Ran first in the Sunday February 23 Sunday editions of The Times and The News-Star

He wore a tight crewcut I first colored as khaki and then white on a narrow head. Usually there was a work cap perched up there, not a ball cap, but instead something advertising Pennzoil or Quaker State or John Deere, a freebie he’d picked up on the job or from a customer.

His face didn’t draw attention, but if you looked you saw bright blue eyes, thin lips that formed quick smiles, cheeks and neck always shaved tight. He protected pale skin from the sun with long-sleeved work shirts that almost always had an oval and his name over his heart.

No telling how many different places he worked in his life, but the one I remember is his job at a Gulf station that was once on North Seventh Street in West Monroe. He wore navy work pants and the Gulf shirt with the oval and the Pennzoil hat and brown work boots. A couple of red oil rags hung out his back pockets. I remember because he took me to work with him one day.

None of us get to choose our uncles and aunts. And they don’t get to choose us.

Sometimes we’re stuck with each other.

But sometimes it all works out, a lucky accident from Mother Nature.

And so it’s gone for me, and so it went for me and Uncle Alfred, who always gave off the lightest scent of menthol and gasoline.

I saw him young only in pictures, and again in an oval, this time framed, he on one side, my Aunt Opal on the other.

He was a great great-uncle.

My granddaddy Teddy was the baby. His four older sisters were Big Aunty, Aunt Opal, Aunt Dena, Aunt Jimmie. Uncle Alfred married Aunt Opal.

I don’t know anything about their courtship or their lives before each other. Suddenly it’s a mystery to me why I’ve never asked. But recently on a drive to Lafayette down I-49, I passed the Turkey Creek exit and, as I do every time I pass it, I think of Uncle Alfred. For no reason, one time he took me fishing there, just me and him.
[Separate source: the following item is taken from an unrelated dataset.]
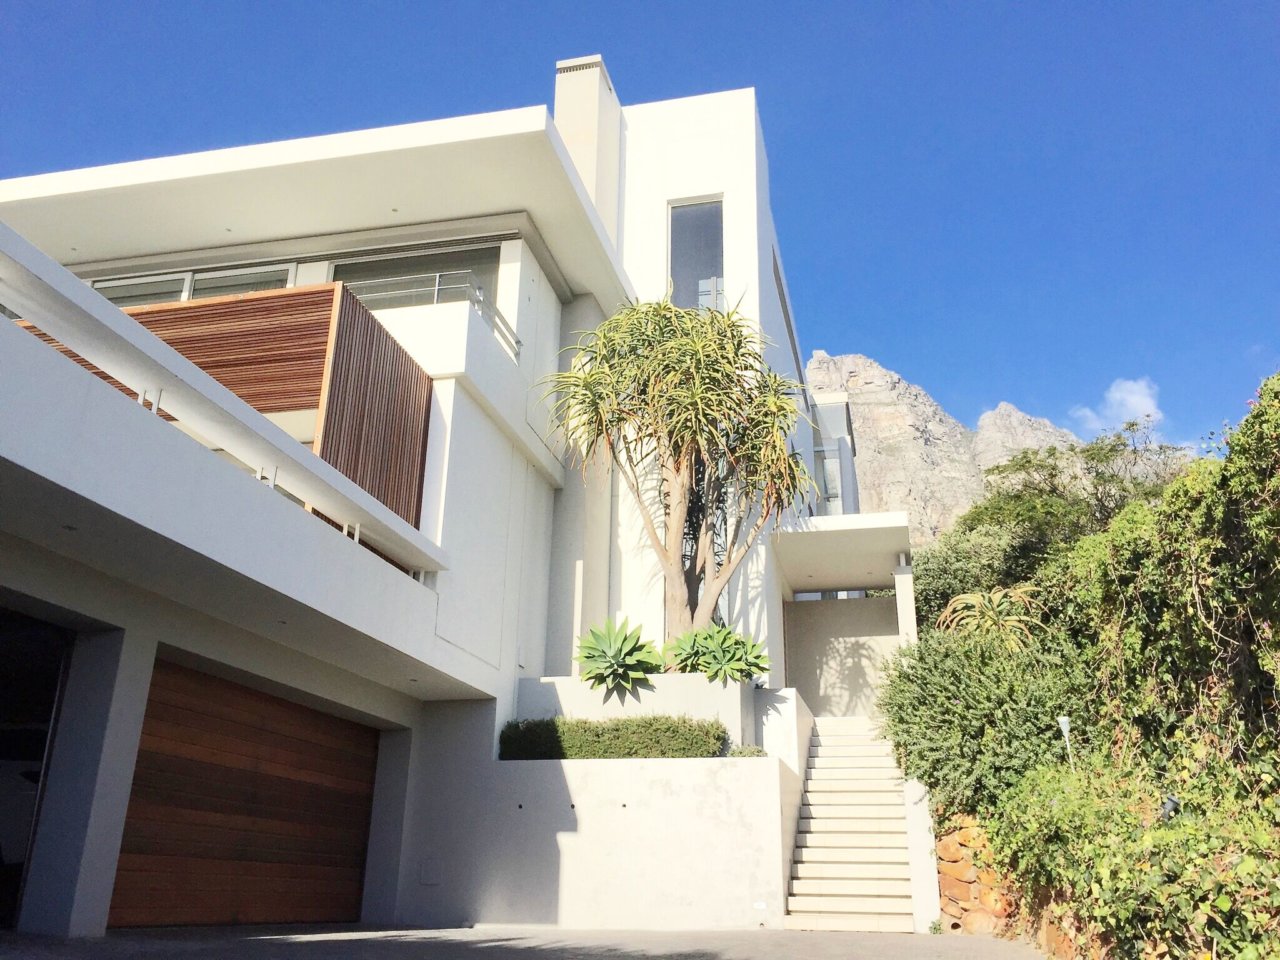 Photo 18 of Aqua Penthouse accommodation in Camps Bay, Cape Town with 2 bedrooms and 2 bathrooms

We’d come over from South Carolina — this was the 1960s — to visit all my mom’s people in West Monroe, as we did once a year. I’m 8 or 9. All I remember about the fishing trip is that he took the time to take me. I remember his little boat behind his truck, him laughing. There’s the memory of the moment or two on the water and us catching fish. I can’t remember where we stayed, what we ate. I just remember it was good, it was fun, and he took the time.
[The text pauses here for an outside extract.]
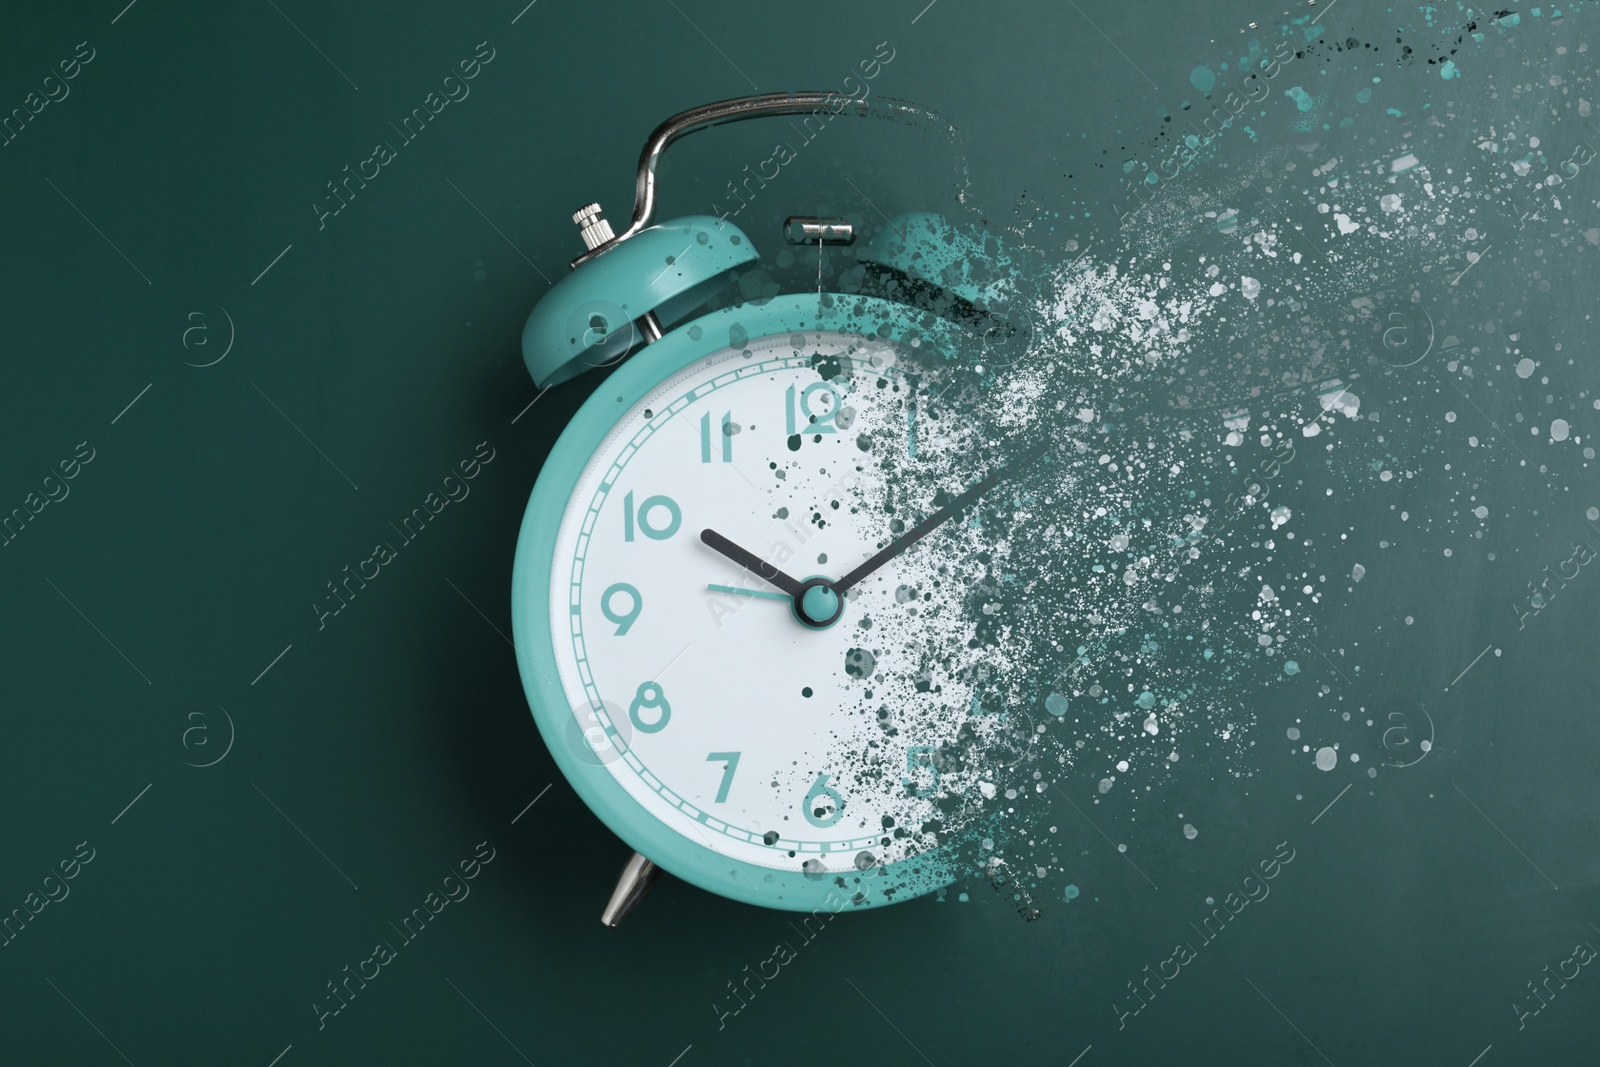 Image of Time is running out. Turquoise alarm clock vanishing on green background, top view

And he took me to work with him at the Gulf station another morning. I spent the night with him and Aunt Opal in their trailer, as I often did when we’d visit. Aunt Opal did what she did every morning of her husband’s working life: she cooked him two eggs, two pieces of bacon, and two pieces of toast. On the mornings I was there, she did the same for me. And then it was off to the land of petroleum exporting.

They had no biological children, but they had Sapphire. She was a Dachshund. She had a son. They named him Teddy. Sapphire and Teddy. I can see them, laughing as you do with little children, feeding them their medicine in balls of raw hamburger meat. And, because things end, I can see me as a teenager, older now and living in Louisiana, and Sapphire and Teddy, their graves in the backyard of the trailer, neatly marked and well kept.

When I was a student at Louisiana Tech, we had a deal for about a year that we would eat together once a month. Again, I can’t remember the places we ate or what we talked about. I just remember that there was a time…

Those two loved me. Things die. Memories don’t have to. Love never does.